Research Library

Evidence library pattern for source cataloging, grading, and claim synthesis — with the DOC'S Research Protocol Builder as the worked example.

Overview

The Research Library pattern gives tenants a structured evidence pipeline: external sources are ingested, graded against a quality rubric, distilled into verifiable claims, and linked to existing domain records (protocols, conditions, guidelines). The pipeline is fully agent-driven with one human-in-the-loop approval gate.

This pattern was first implemented for the DOC'S tenant (recovery and wellness center, Wall Township NJ) to support Nolan's evidence-base work for six treatment modalities. It is built entirely on generic platform affordances — no DOC'S-specific slugs appear in platform code.

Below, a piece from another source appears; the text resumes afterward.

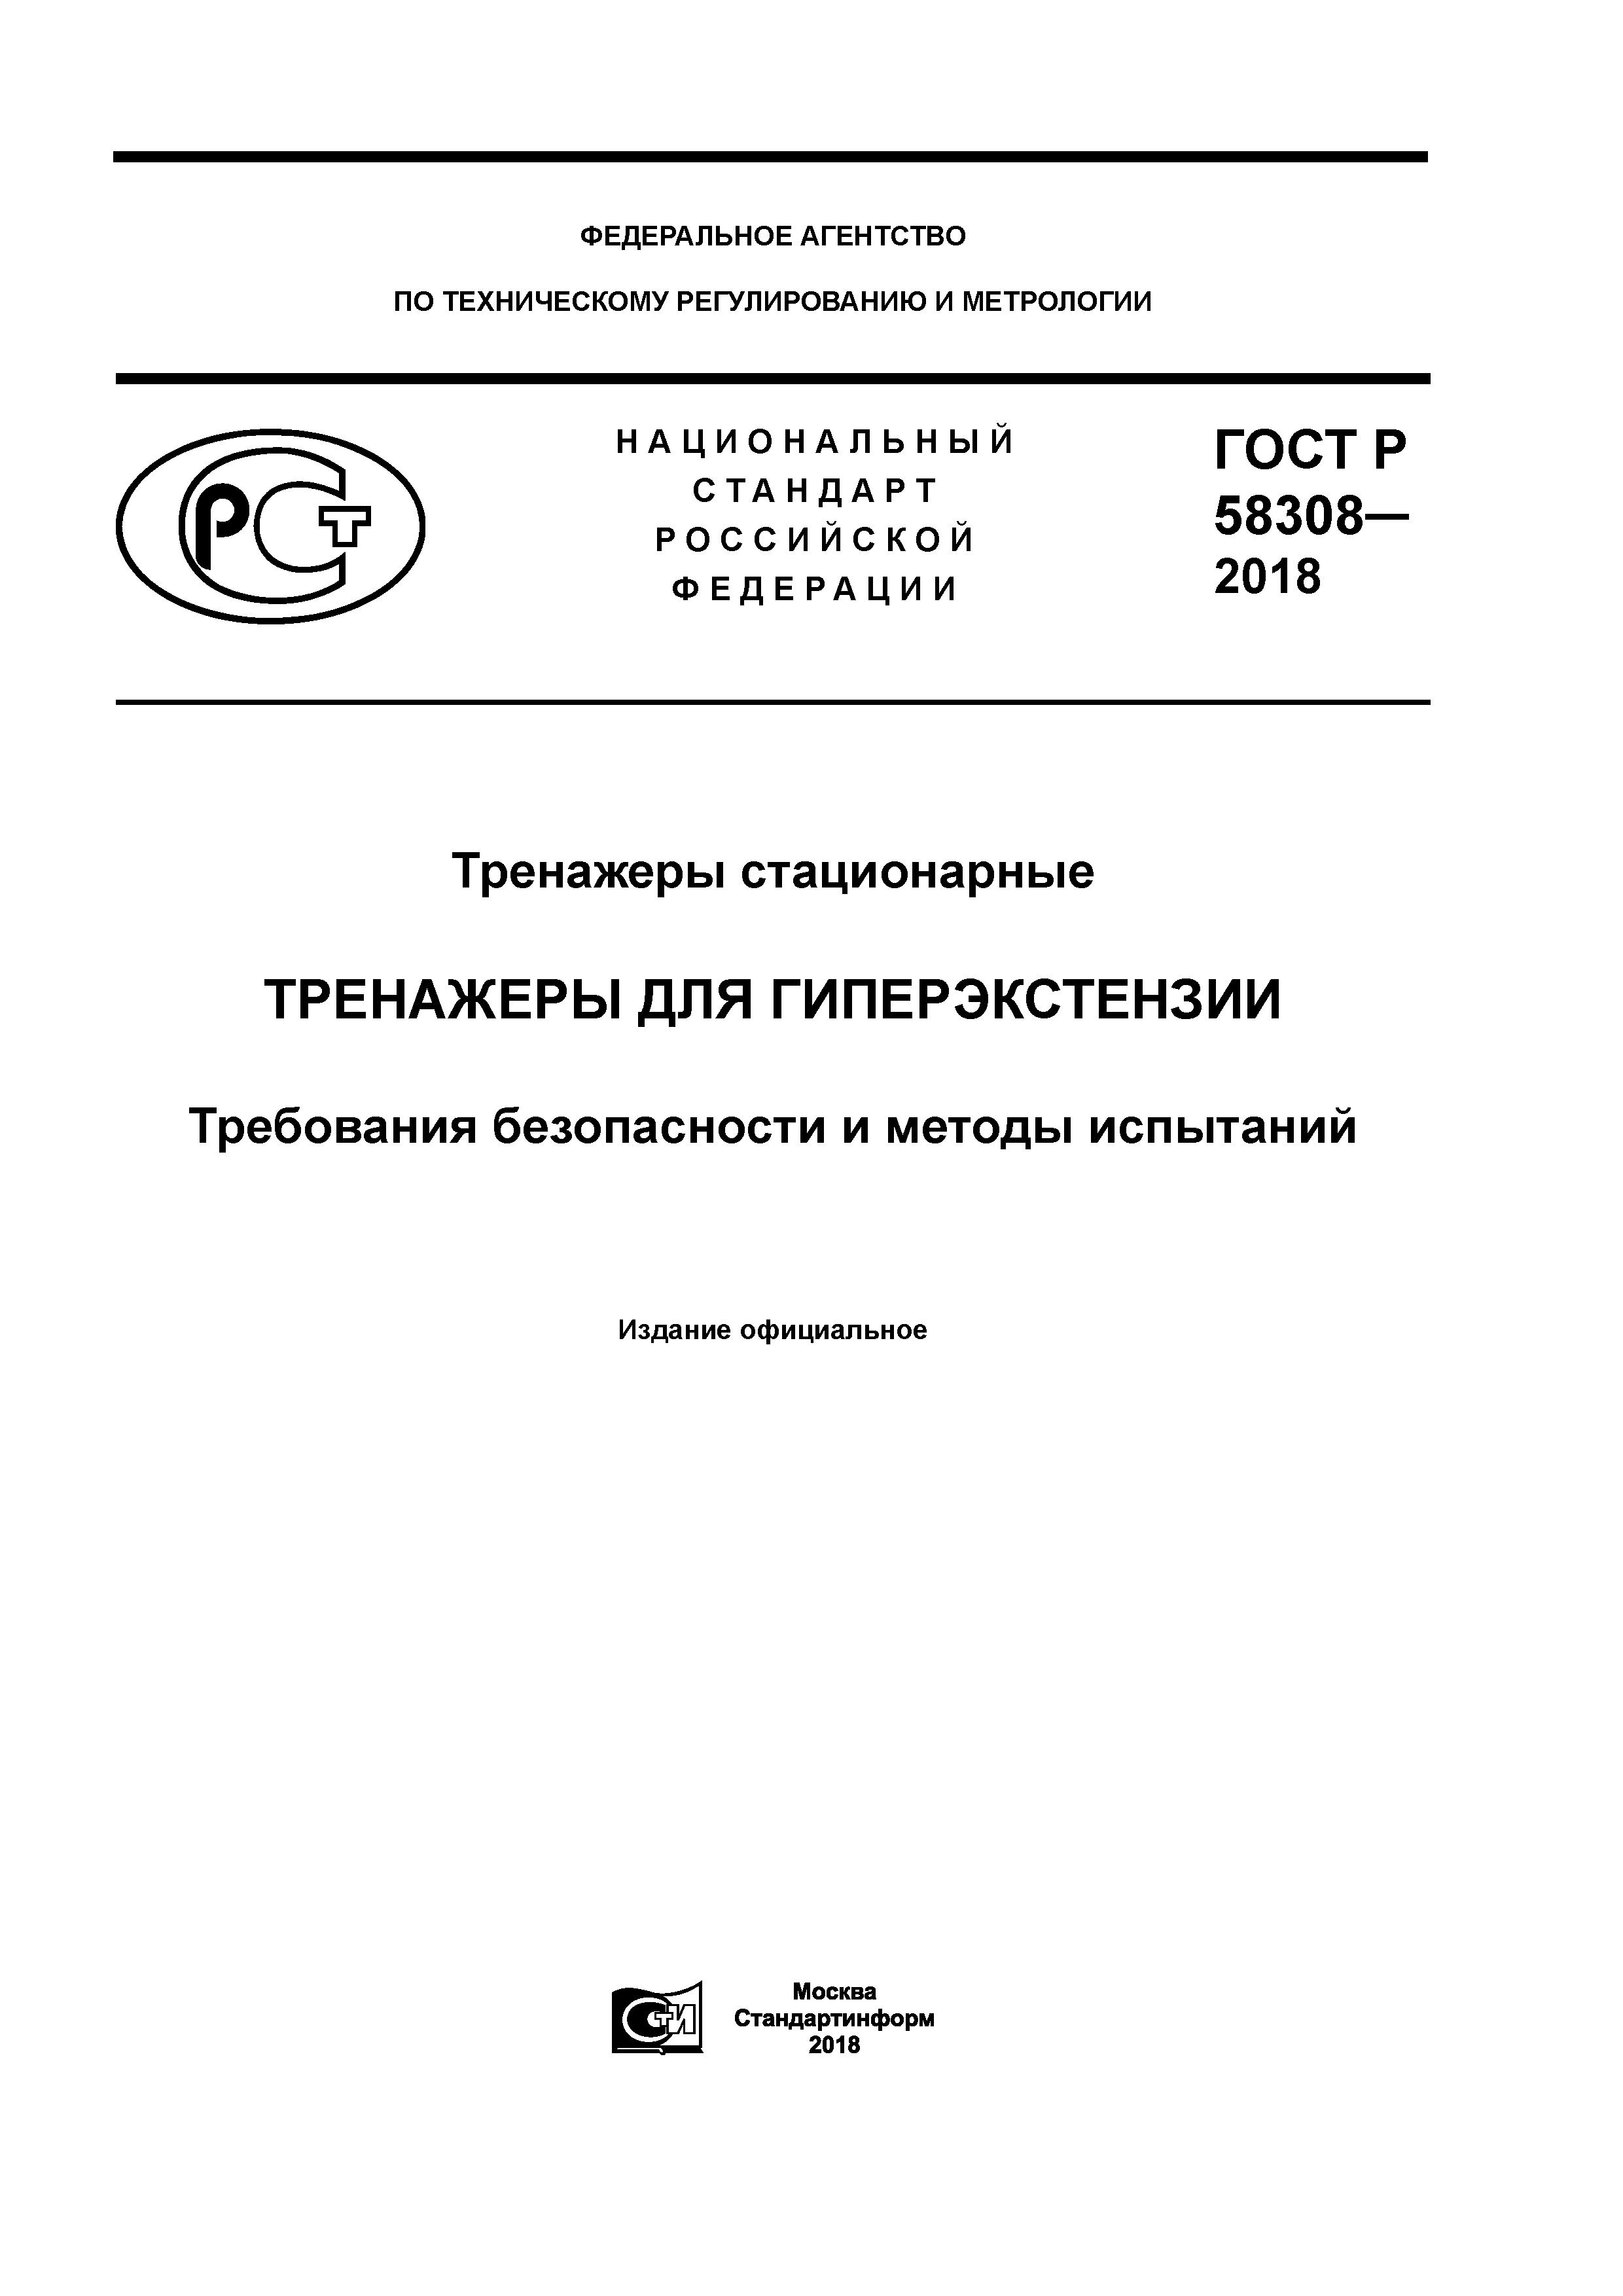 ГОСТ Р 58308-2018

What the pattern provides:

A three-tier entity model: source feed → source-item article → evidence-claim assertion
Two criteria sets for grading articles and claims
Server-side aggregate recompute (source count + quality average) that keeps claim grades deterministic
Four agent roles with explicit capability scoping
A task pipeline from URL ingestion through HITL claim approval
Five views covering the full review and gap-analysis workflow

Entity Model

source (feed)
  └── source-item (article / study)
        ├── supports → evidence-claim (synthesized assertion)
        └── about    → modality (the treatment area)

evidence-claim
  ├── about      → modality
  ├── relevant-to → condition   (optional)
  └── justifies  → protocol    (optional — the Protocol Builder bridge)

Entity types

Type	Owner	Key fields
`source`	platform	`source_type`, `url`, `scrape_strategy`, schedule
`source-item`	platform	`title`, `body`, `author`, `published_at`, `source_url`, `ingest_status`
`modality`	tenant	`description`, `device`, `claims_scope`, `contraindication_profile`
`evidence-claim`	tenant	`statement`, `status`, `source_count`, `source_quality_avg`

*Server-computed via Inngest on every response.promoted event for a linked source-item.

Relation types

From	To	Type	Notes
`source-item`	`modality`	`about`	Which modality the article covers
`source-item`	`evidence-claim`	`supports`	Source-item cites / supports a claim
`evidence-claim`	`modality`	`about`	Which modality the claim concerns
`evidence-claim`	`condition`	`relevant-to`	Optional — clinical condition linkage
`evidence-claim`	`protocol`	`justifies`	Optional — Protocol Builder bridge

The source-item → evidence-claim direction (supports) is intentional. It matches how reviewers cite evidence ("this study supports this claim") and aligns with the platform's from → to idiom.

Criteria Set Pattern

`evidence-quality` — grading a source-item

Six dimensions, each scored 0–10 by the Methodology Reviewer agent:

Dimension	What it measures
`study_design`	RCT / systematic review = 10; cohort = 7; case-series = 3; opinion = 0
`sample_size`	n > 500 = 10; n > 100 = 7; n > 30 = 5; n < 30 = 3
`peer_review`	Peer-reviewed journal = 10; conference = 6; preprint = 3; blog = 0
`effect_size`	Large + CI excludes null = 10; moderate = 7; small = 4; none = 0
`methodology_rigor`	Blinded + randomized + controls = 10; observational = 3
`recency`	< 2 years = 10; < 5 = 7; < 10 = 5; < 20 = 3; older = 1

`body-of-evidence-strength` — grading an evidence-claim

Five dimensions. Two are server-pre-computed; three are scored qualitatively by the Evidence Strength Assessor agent:

Dimension	Scored by	What it measures
`source_count`	Server	# of linked source-items (≥ 5 = 10; 3–4 = 7; 2 = 5; 1 = 3)
`source_quality_avg`	Server	Mean evidence-quality promoted score of supporting source-items (0–10)
`consistency`	Agent	Do sources agree on effect direction? Strong = 10; mixed = 5
`clinical_relevance`	Agent	Does the effect translate to this tenant's clinical practice?
`safety_alignment`	Agent	Does the evidence respect safety posture / contraindications?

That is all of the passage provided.